# Lost GoPro / Winter Park



## bwest (Mar 13, 2008)

Hahahaha


----------



## gobigohome (Jul 18, 2007)

sorry dude just found out mine was gone when I went back and looked through the rafting gear both my wife and I thought each other put it in the tuperware


----------



## MT4Runner (Apr 6, 2012)

Put a "reward.txt" file in the root directory on your SD card.



reward.txt said:


> Reward if found:
> Name
> Street Address
> Cell #
> ...


I know, it doesn't help this time, but might help someone else...or your next GoPro.

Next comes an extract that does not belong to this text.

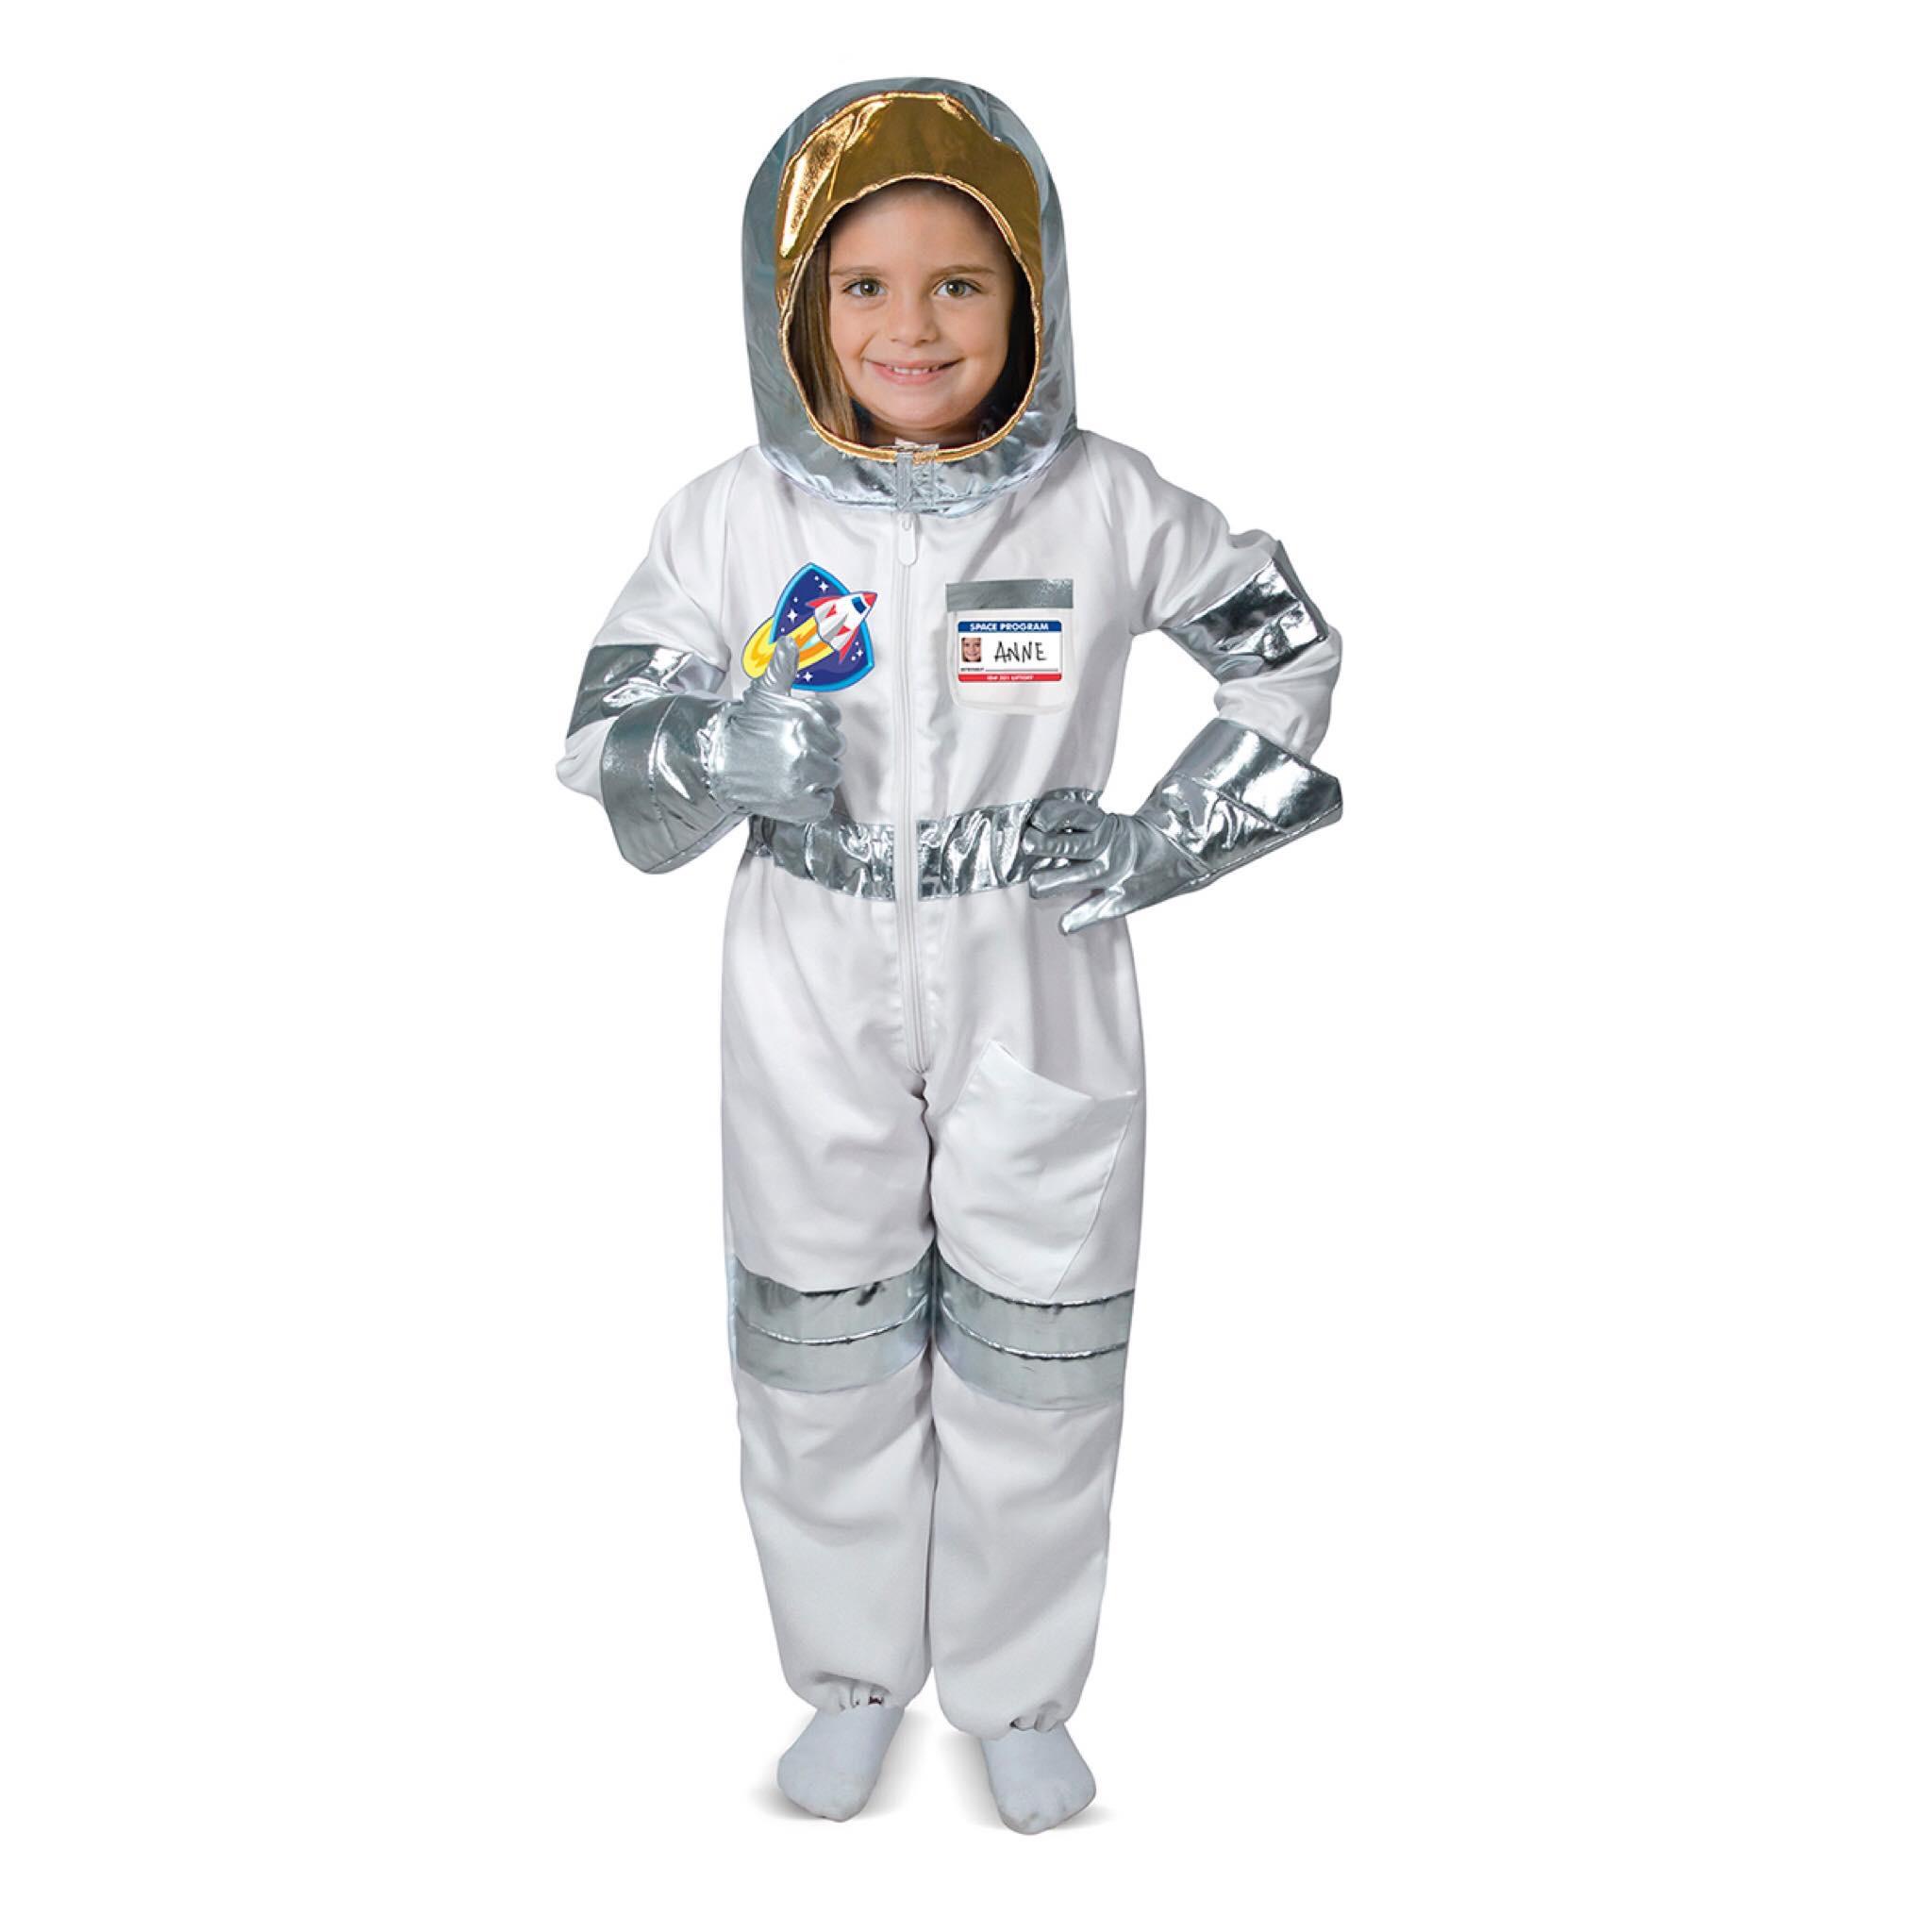 ชุดแฟนซีคอสตูมพร้อมอุปกรณ์สุดน่ารัก Melissa & Doug รุ่น Role Play Costume Set (Astronaut)

Blood type and birth year could be useful to someone finding your body...or could be used as a security question to identify that it's positively yours.


----------



## CWorthy (Jun 22, 2005)

Have you checked with WP Resort Lost & Found? I have heard they average finding one of these a week. Try calling (970) 726-5514 and ask for Lost & Found. You've got a good description = can't hurt  I hope you find it!


----------



## glenn (May 13, 2009)

Better hurry. When I was working there after 2 weeks they purged most of the goods from lost and found.


----------



## johnryan (Feb 6, 2013)

Be sure to register the loss with WP. Many things get found under lifts when the snow melts away.


----------